Furthermore, embracing your negative, positive, and all emotion in between makes you much more emotionally resilient. Researchers think that ‘people who experience a wider range of these types of specific subcategories of emotions are more resilient in the face of adversity because they’re better at identifying what triggers those emotions’. This coincides with the theory that suppressing a physiological emotional response will increase the intensity of emotional experience. Studies show emotional avoidance is correlated to high cortisol levels (the stress hormone).

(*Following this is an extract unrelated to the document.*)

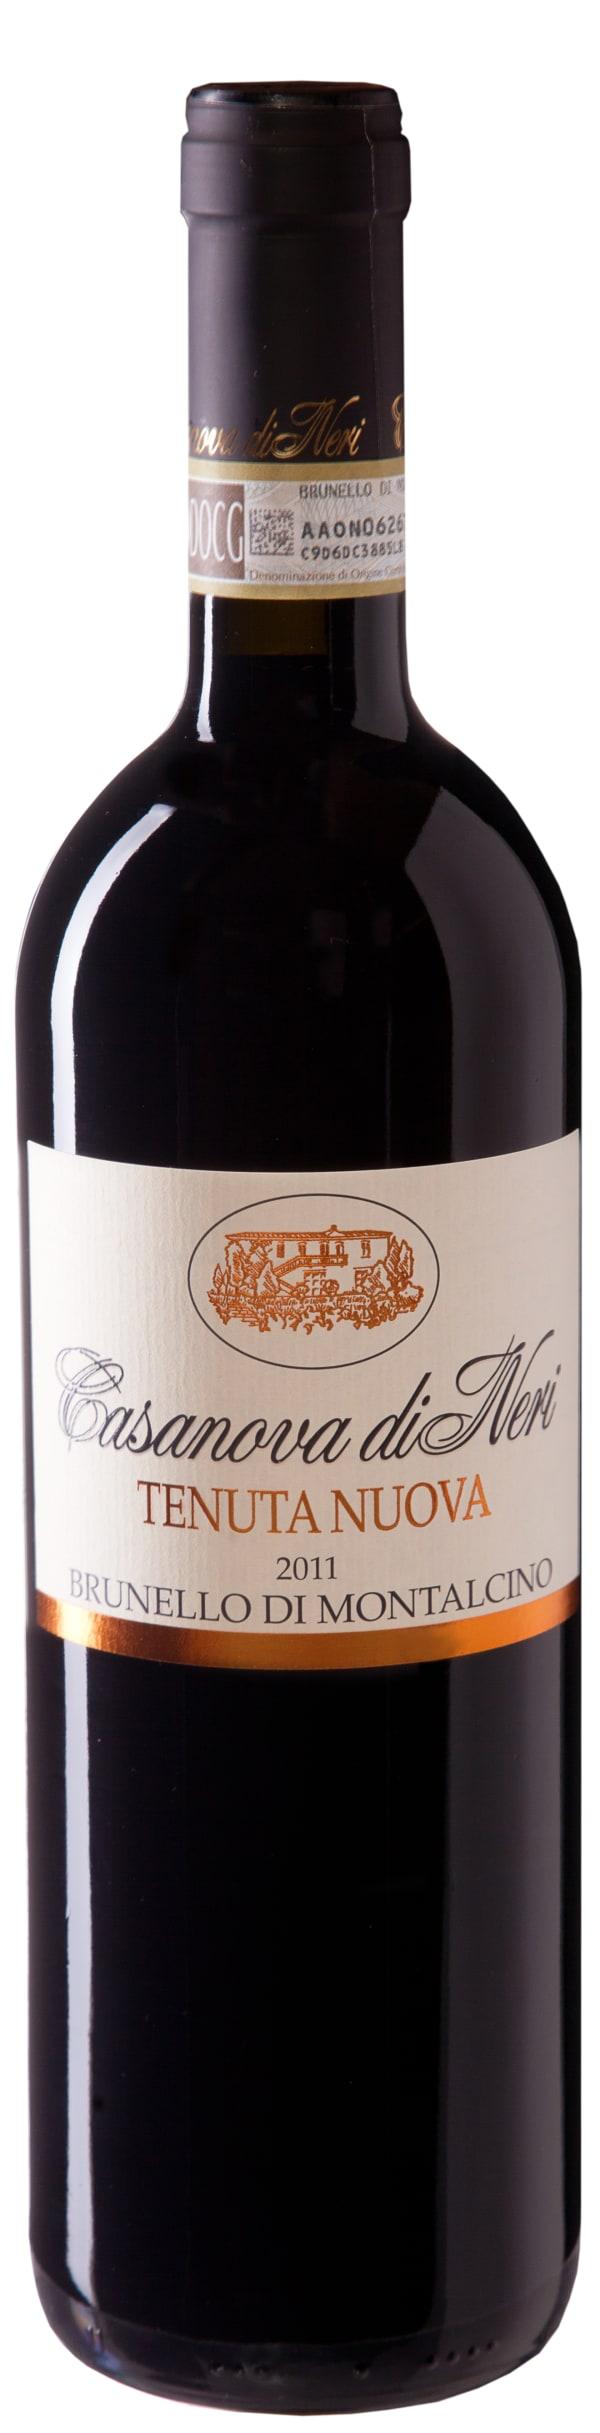 Casanova di Neri Tenuta Nuova  Brunello di Montalcino 2011

Therefore repressing your negative emotions actually causes a negative psychological response. Moreover, investigations into the possibility of a positive association between repression of emotions and symptoms of depression indicate its negative consequence. It is clear that expressing your true feelings in a healthy manner is crucial to your general wellbeing. In the midst of collective social adversity in our recent past, present and future, the acceptance of your negative emotions will only make you stronger. Finding a way that suits yourself to let it out rather than burying anxiety, worry, guilt and anger inside you. The more emotions you feel, the more resilient you become in your own regulation, ultimately making you more relaxed which we can all do with. Accepting unexplained triggers, negative feelings is a key happiness technique, and as a society, normalising the acceptance of identifying and accepting negative feelings will ultimately make us stronger as individuals and a collective community.

This will without a doubt make you feel much more in control, by allowing yourself to stop trying to control your emotions.